Brief »
A word-for-word copy of the lines below, starting at the line with "bene-forpotfoilio-wavesscarf-01.png" and ending at the last one, is what you should give. Omit every picture.

Source material »
┄┄┄┄┄┄
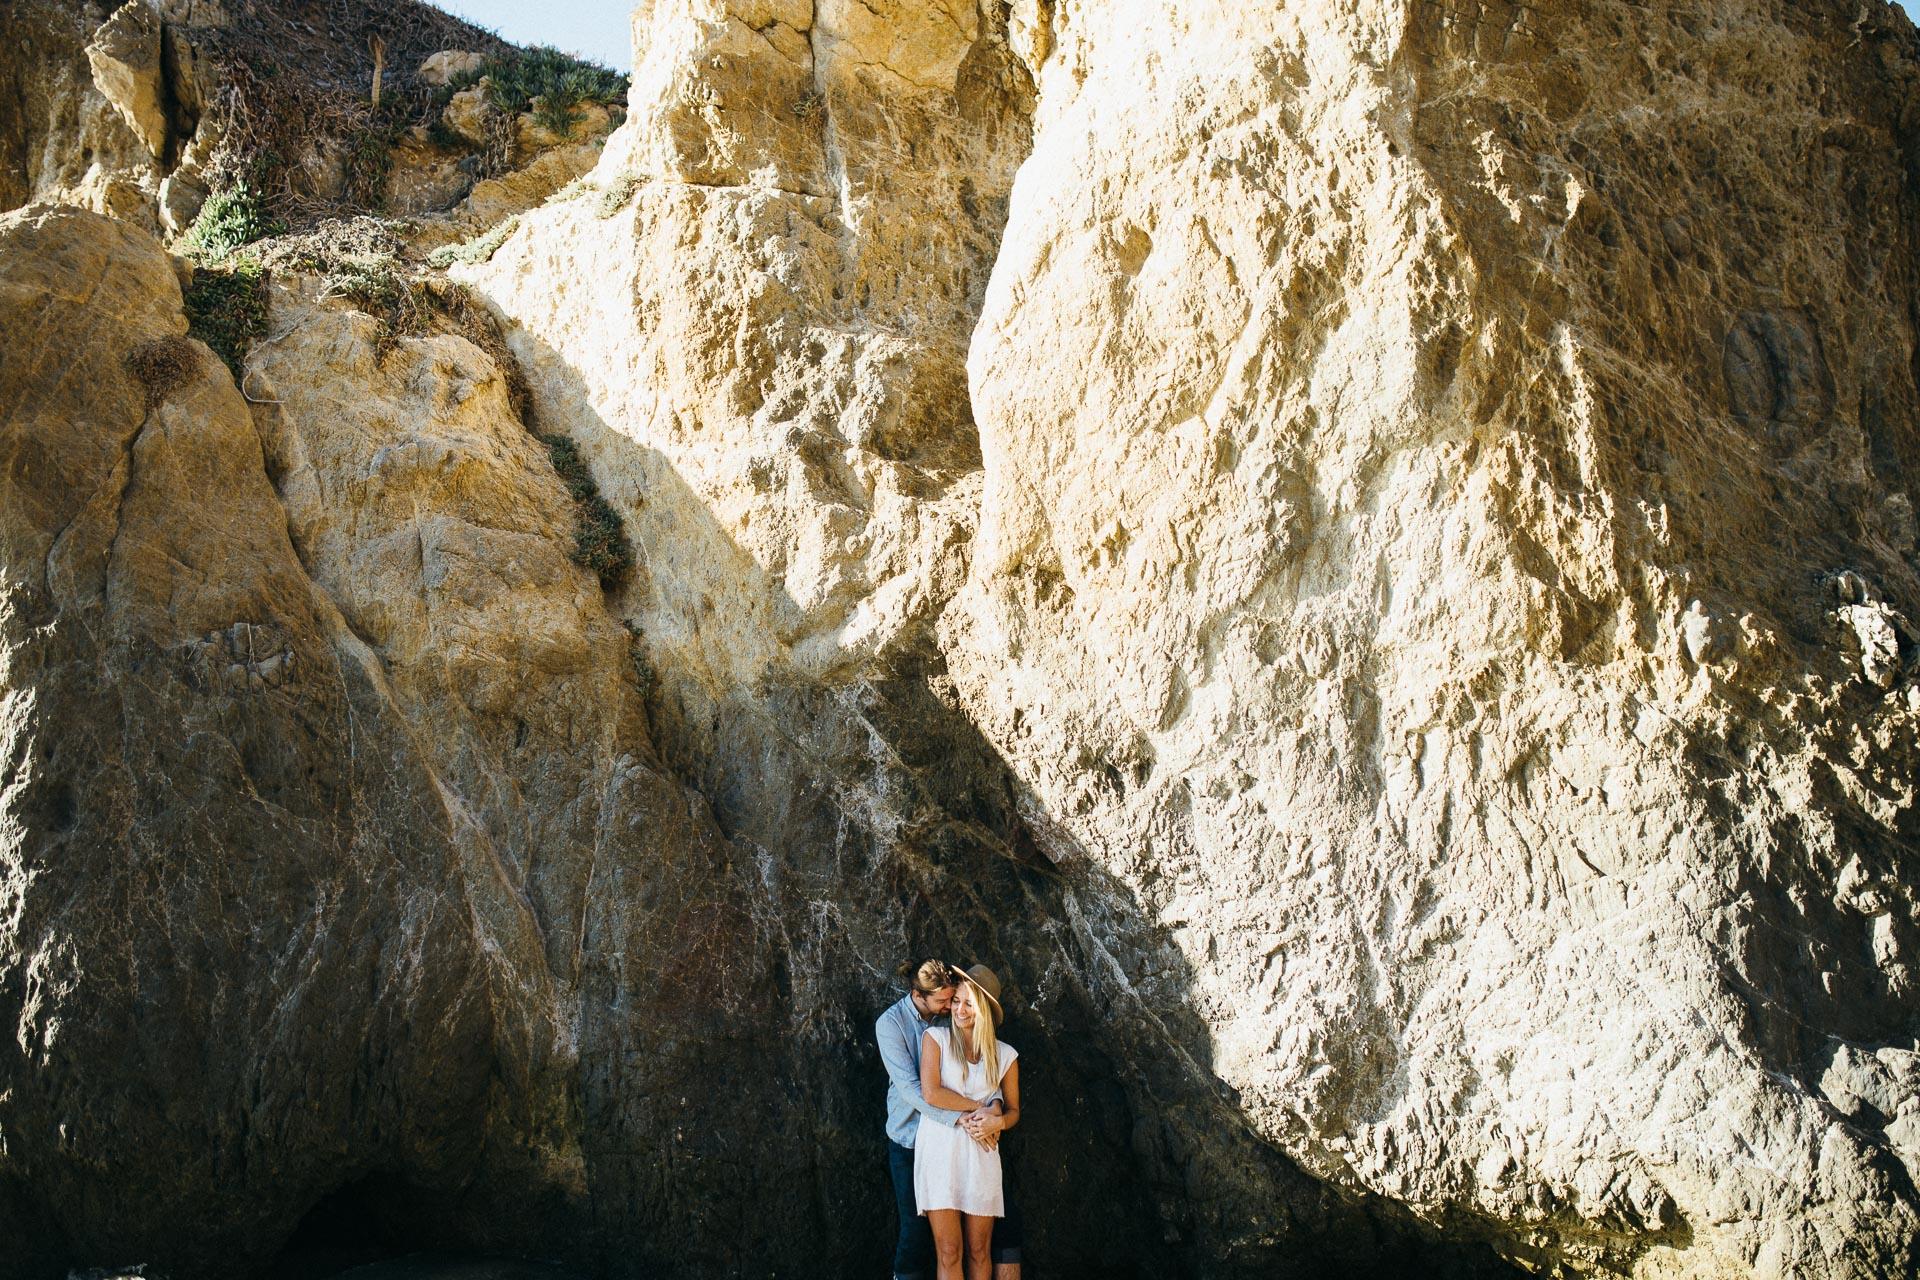 Carley_Jake_Lovesession_California_LosAngeles_ElMatadorBeach_JeanLaurentGaudy_001-4
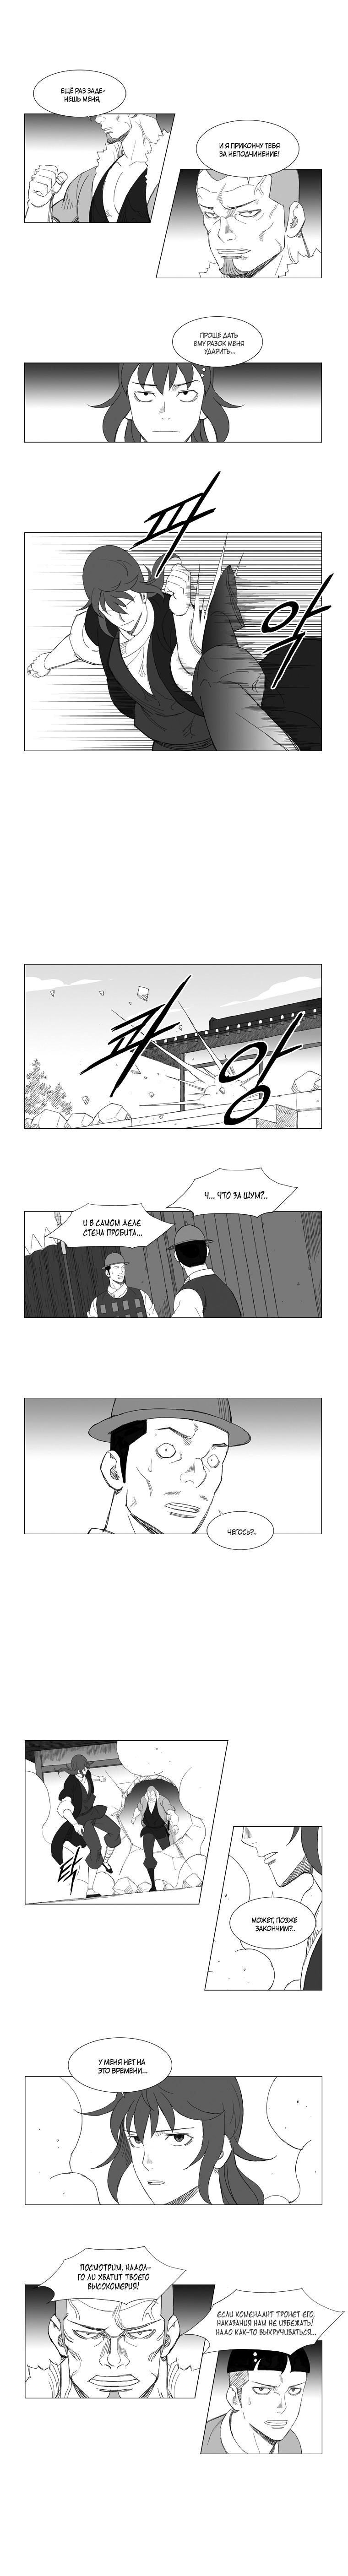 https://r1.ninemanga.com/comics/pic2/39/28263/416252/1532707584401.jpg Page 3
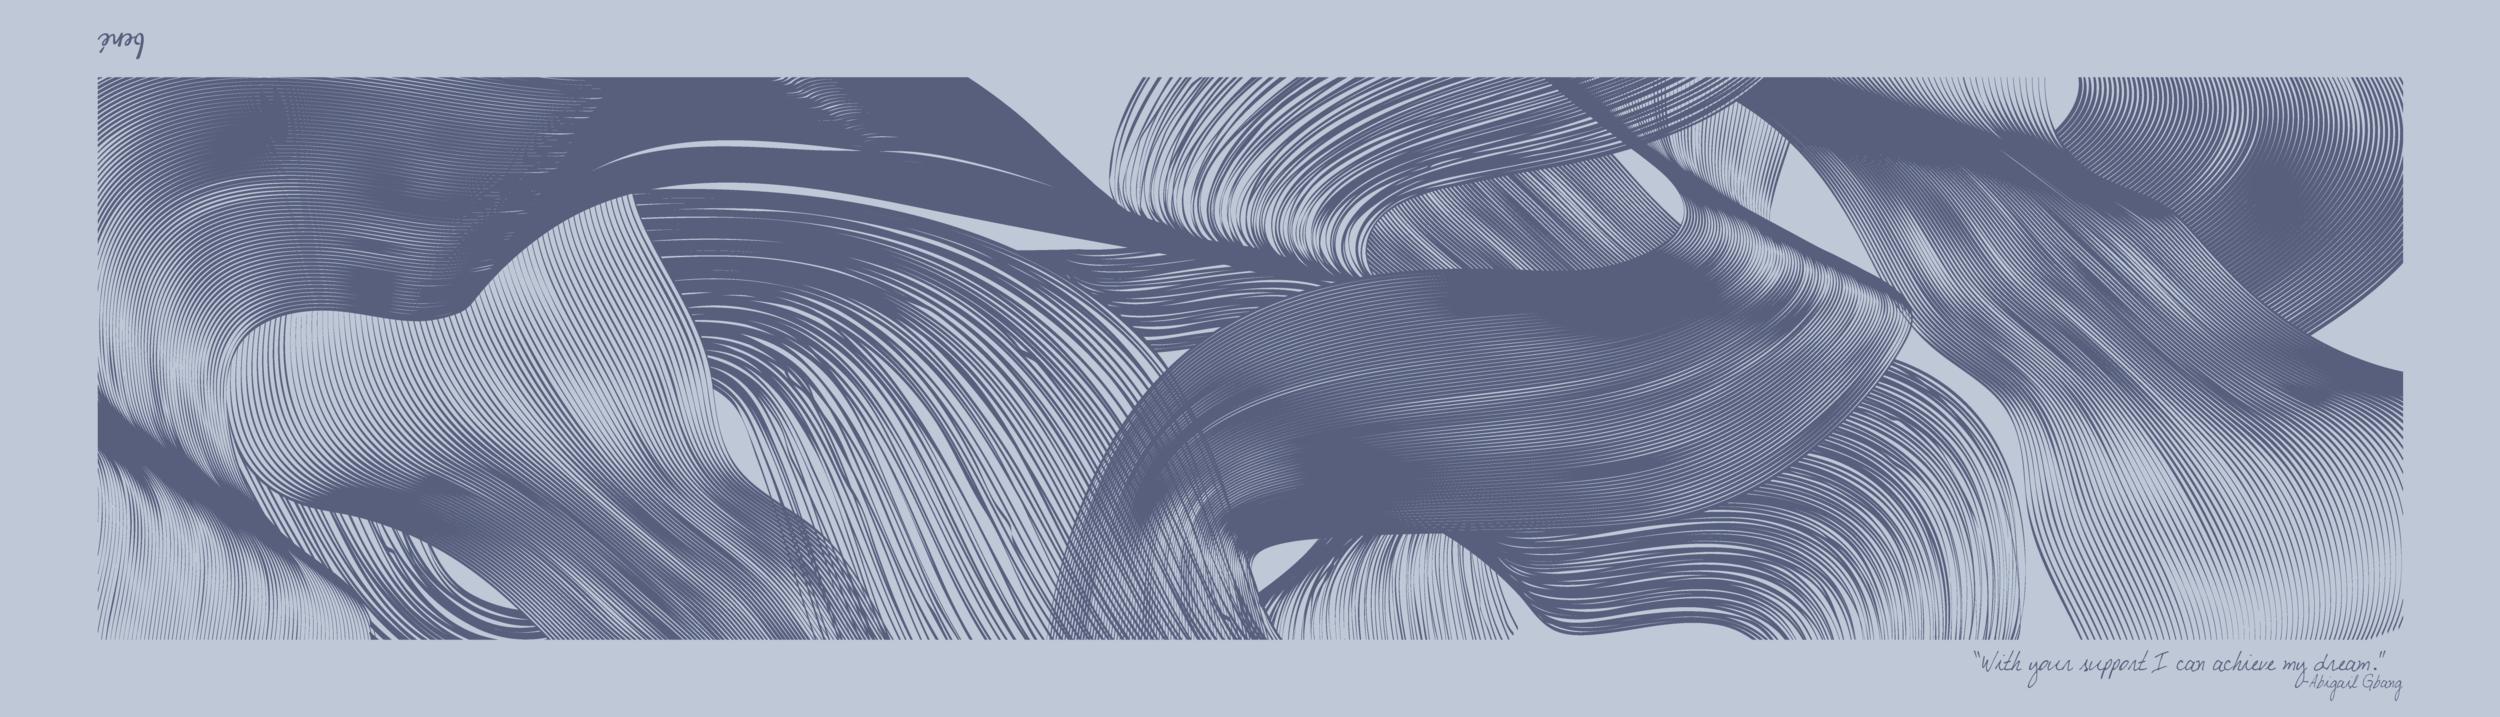 bene-forpotfoilio-wavesscarf-01.png
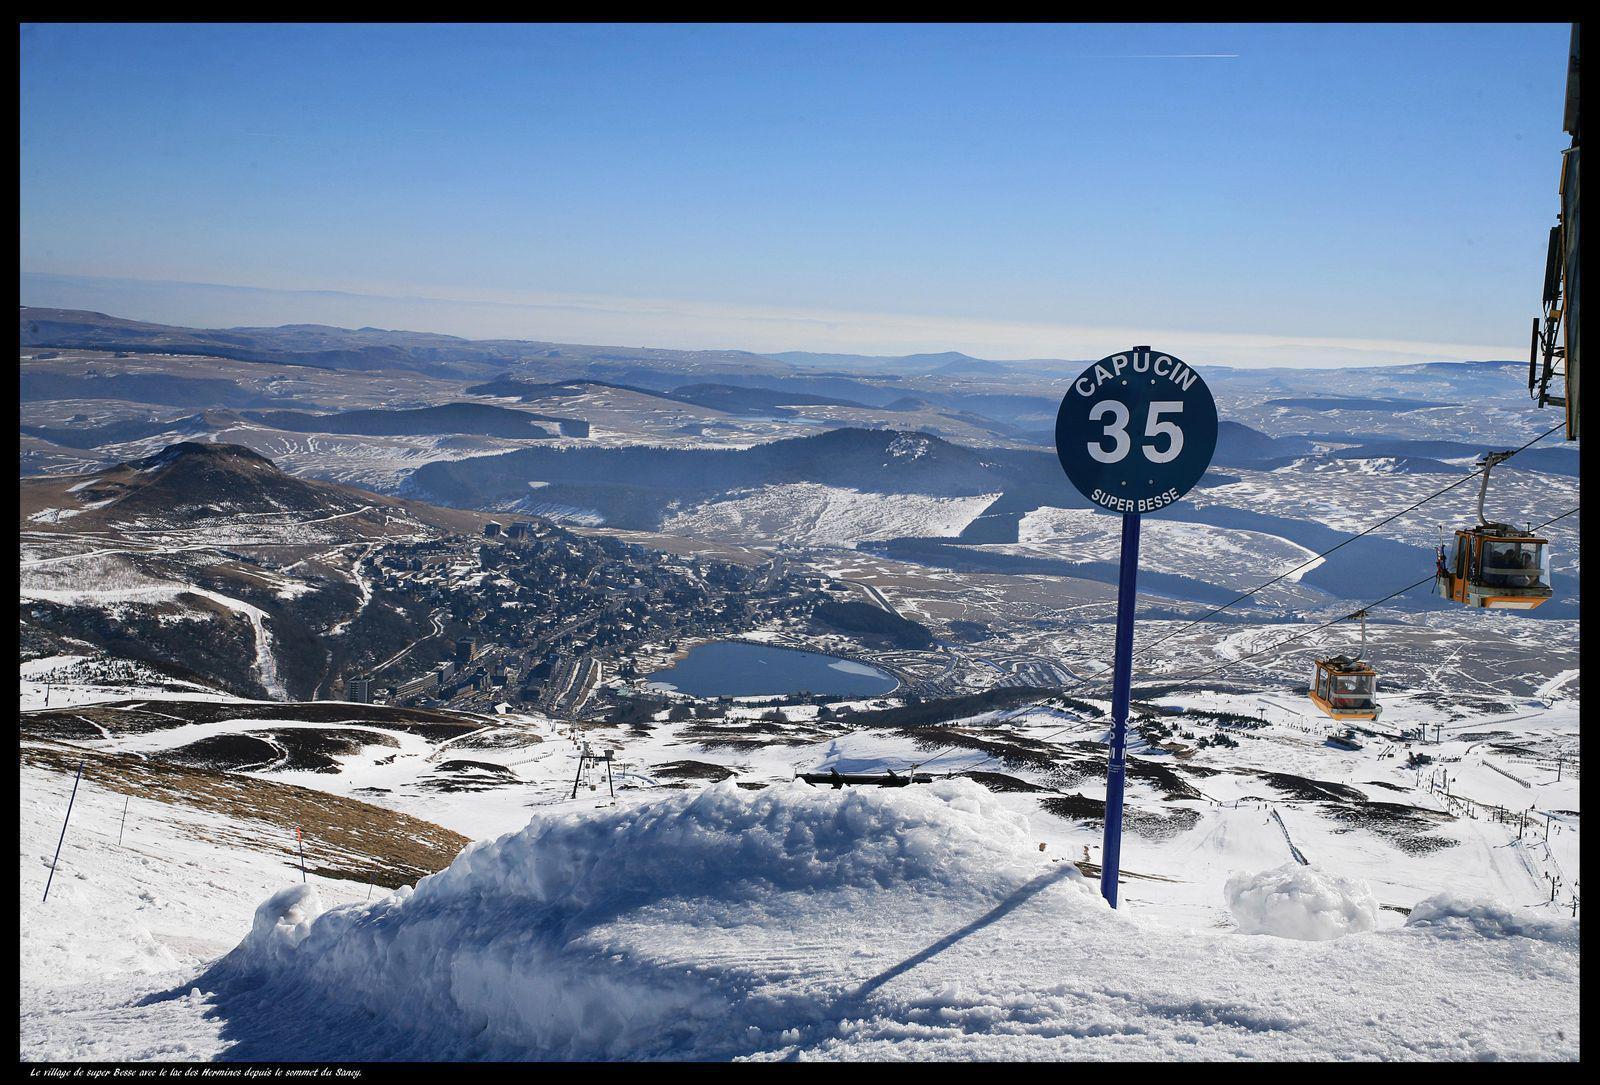 Station de ski de Besse Super Besse_Besse-et-Saint-Anastaise (1)
┄┄┄┄┄┄
Reply to the exercise »
 bene-forpotfoilio-wavesscarf-01.png
 Station de ski de Besse Super Besse_Besse-et-Saint-Anastaise (1)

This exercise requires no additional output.